The scene within the dream switched to my grandmother weeping. Still, after ten years, my grandmother was incapacitated by her grief for her deceased husband, crying on the cushions of her sofa. She was clearly holding on. I found her vulnerability frustrating. I wanted to shake her back to life. Instead, I told her it was time for her to dance. And, literally, as I watched my grandfather leave the table, my grandmother, in the other room, started dancing back into herself. Her face filled with joy, her body moved to a music all her own.

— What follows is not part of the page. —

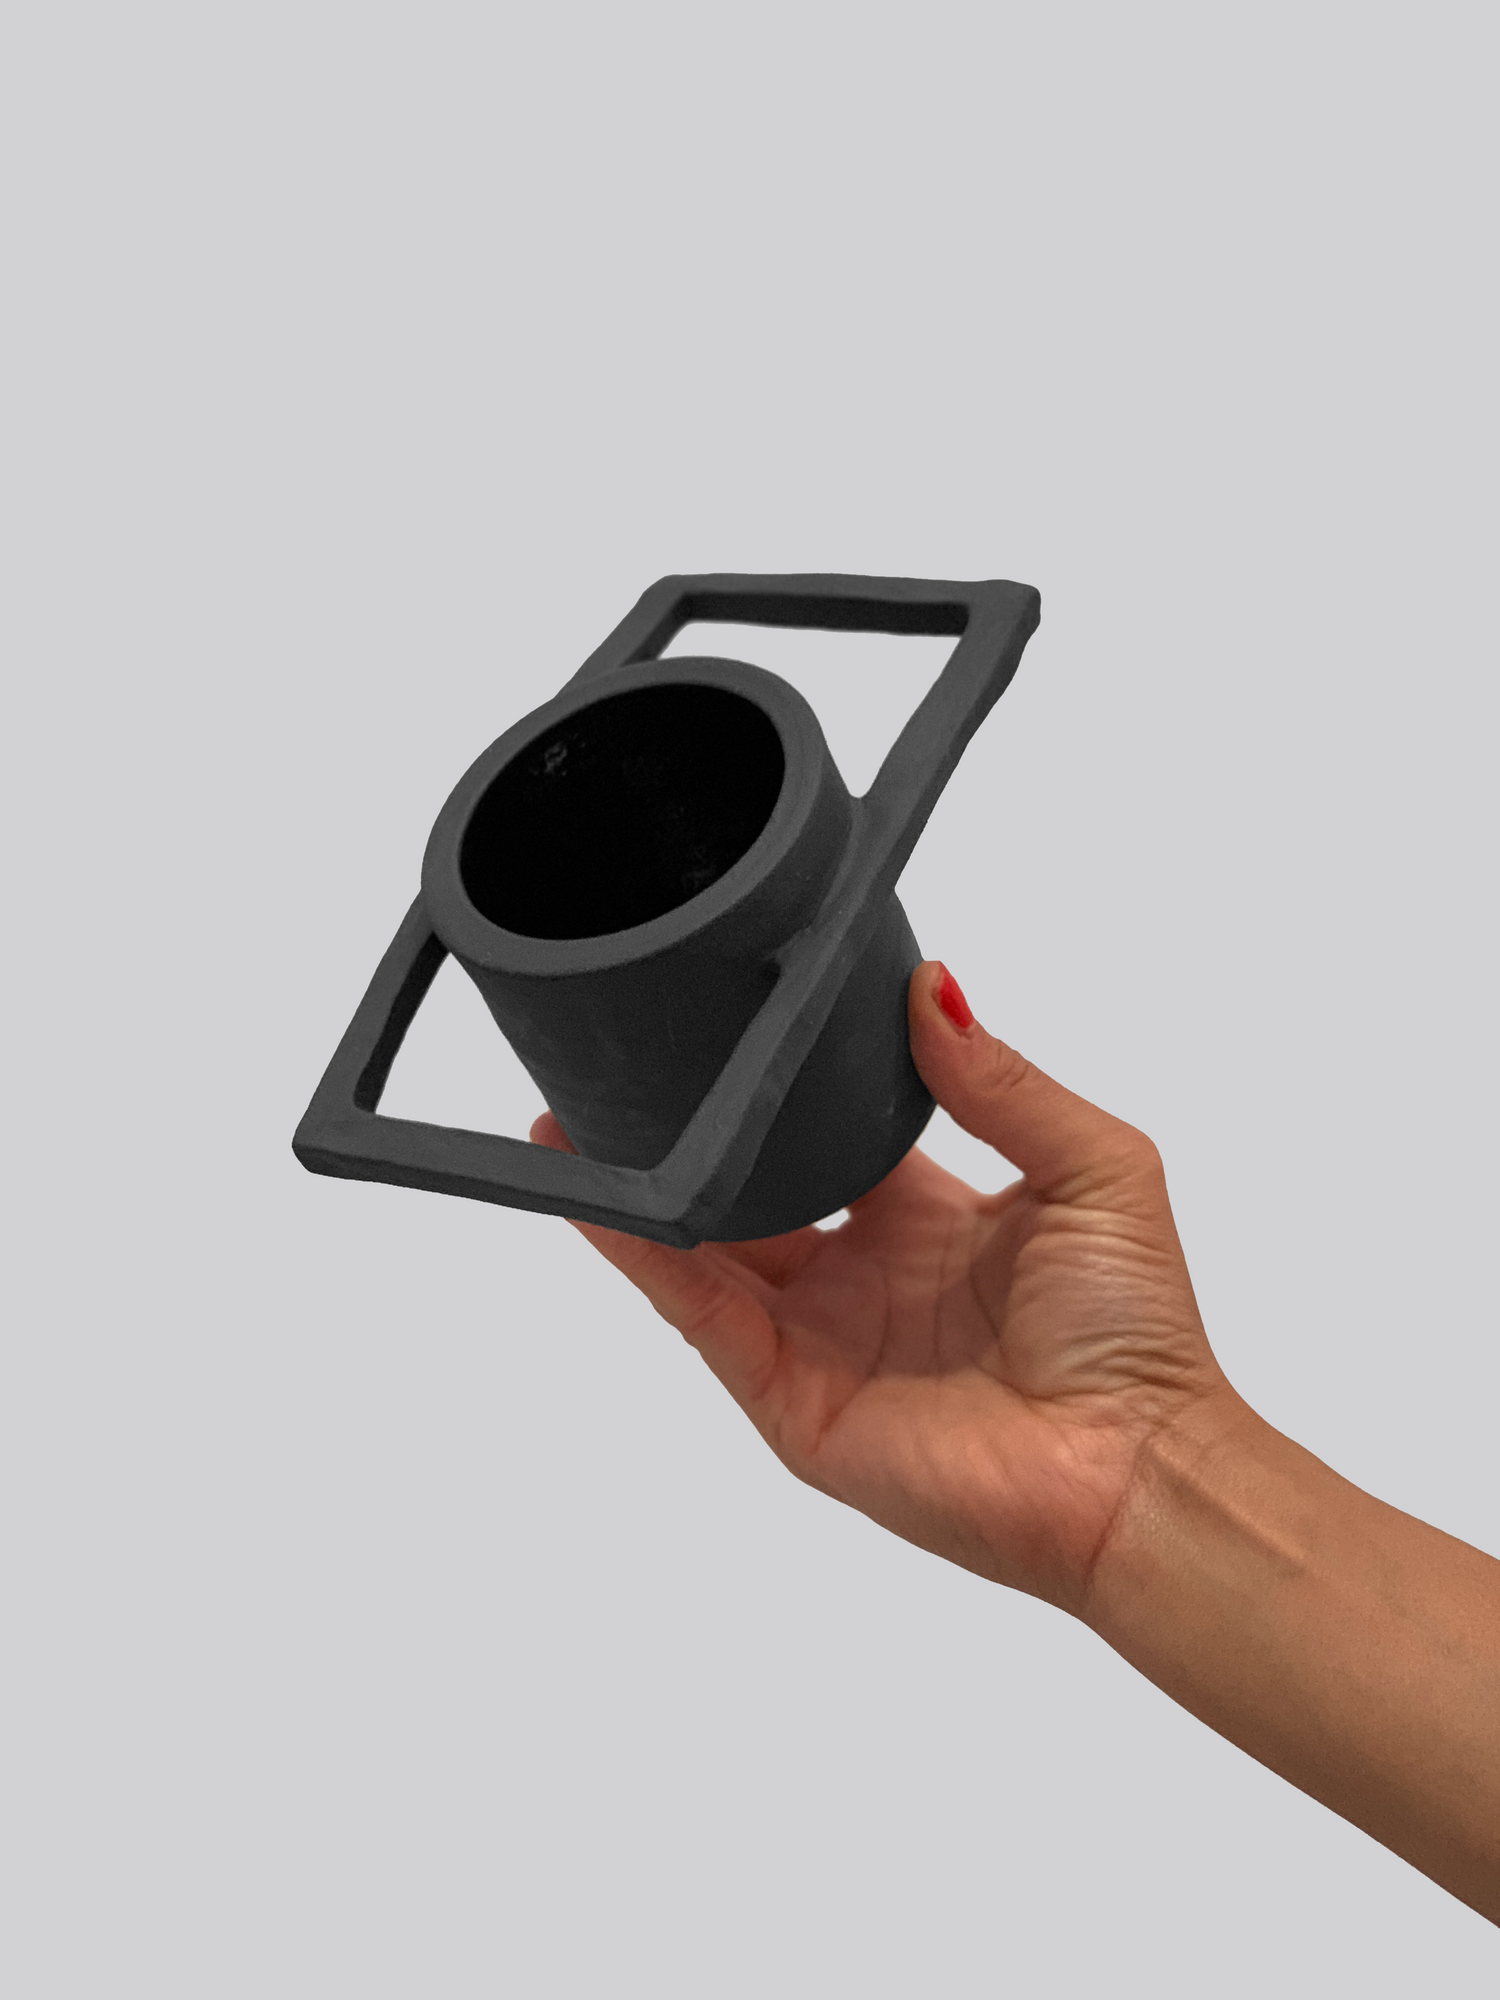 Black matte stoneware ceramic mug with a rectangle frame around the top of the mug as the handle.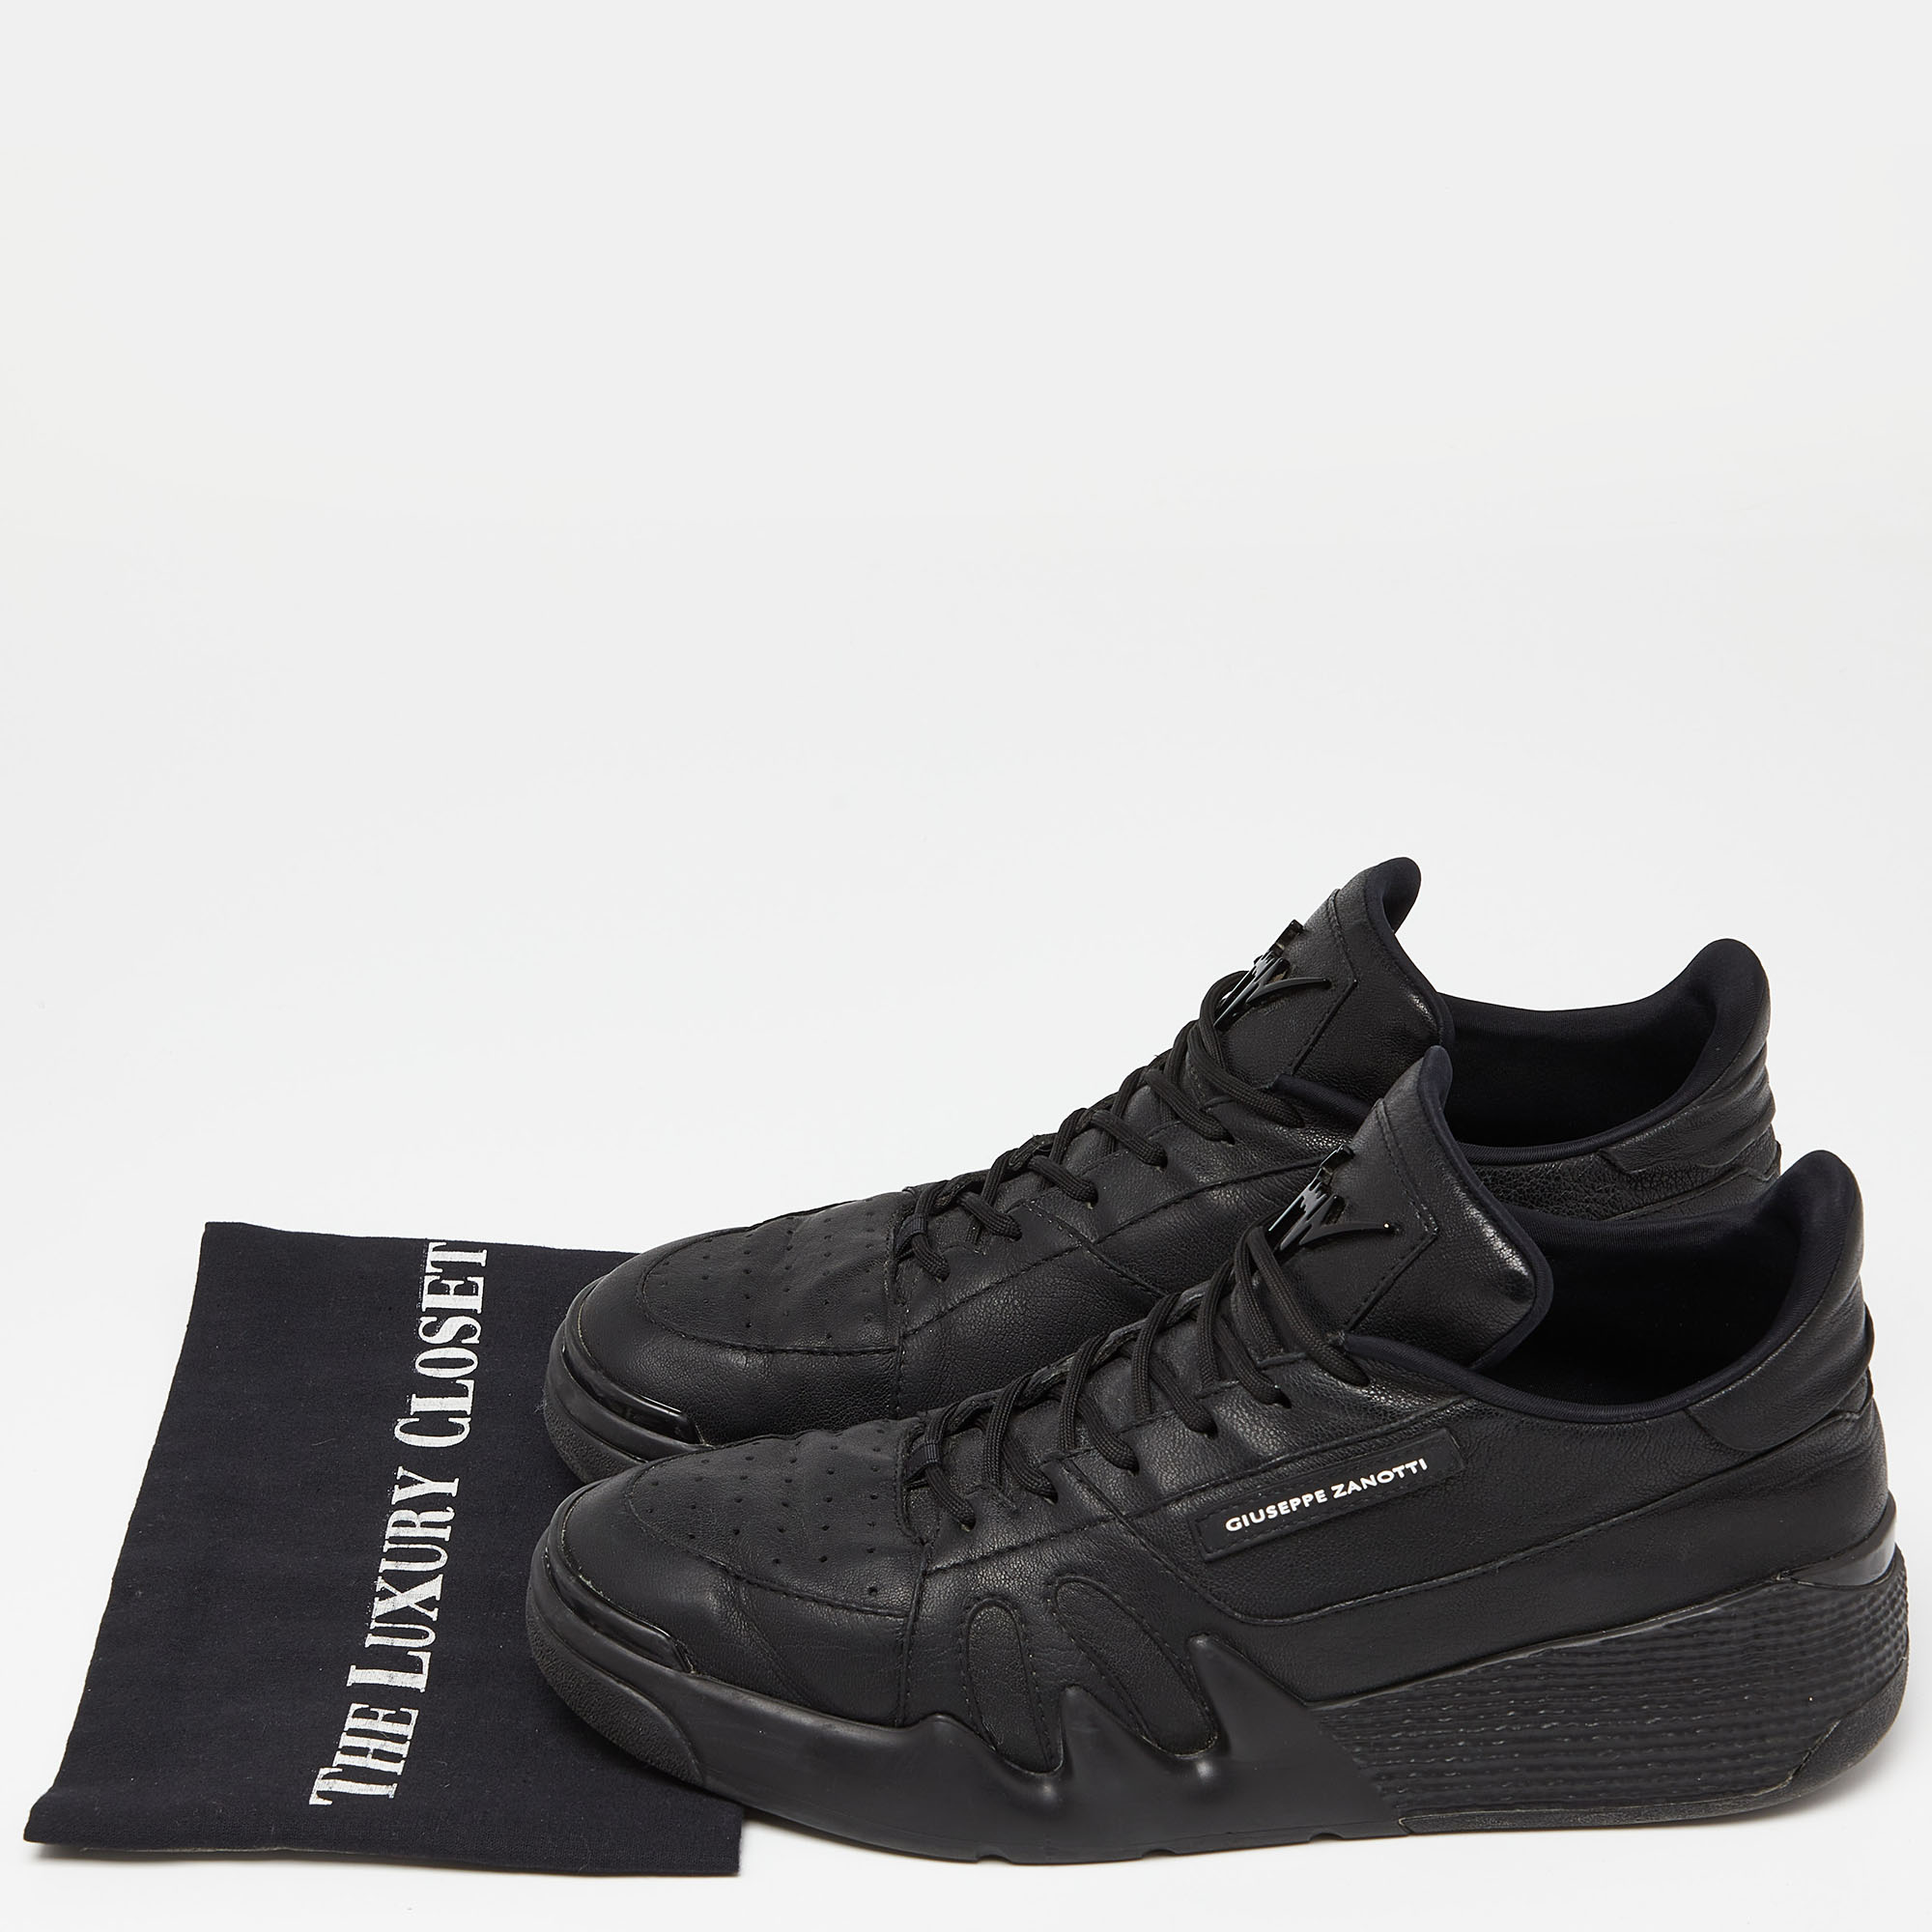 Giuseppe Zanotti Black Leather Talon Low Top Sneakers Size 44

I have learned through my study of dreams that the characters we dream about our manifestations of ourselves. Yesterday, I had listened to a World Puja Network broadcast by Pippa Merivale. For more about Pippa, go to http://www.metatronic-life.com/. Pippa channels the angel Metatron, and during this broadcast the focus was on the New Year and cellular cleansing. Pippa spoke of the memories and experiences the cells in our bodies hold onto, sometimes focusing into pain within specific points in our bodies. I know where mine is held, most likely, you do as well. As Pippa said, there is no need to ignore these “shadows,” and, in fact, we should not deny their presence. What we can do though is free the trapped pains, cleanse our cells and give them a chance to renew.

So, I ask you, as I did myself, what are you holding onto? What is trapped within you that seeks the light of recognition? In this New Year, why not offer your body the chance to let go, renew, and dance into all the possibilities of your spirit?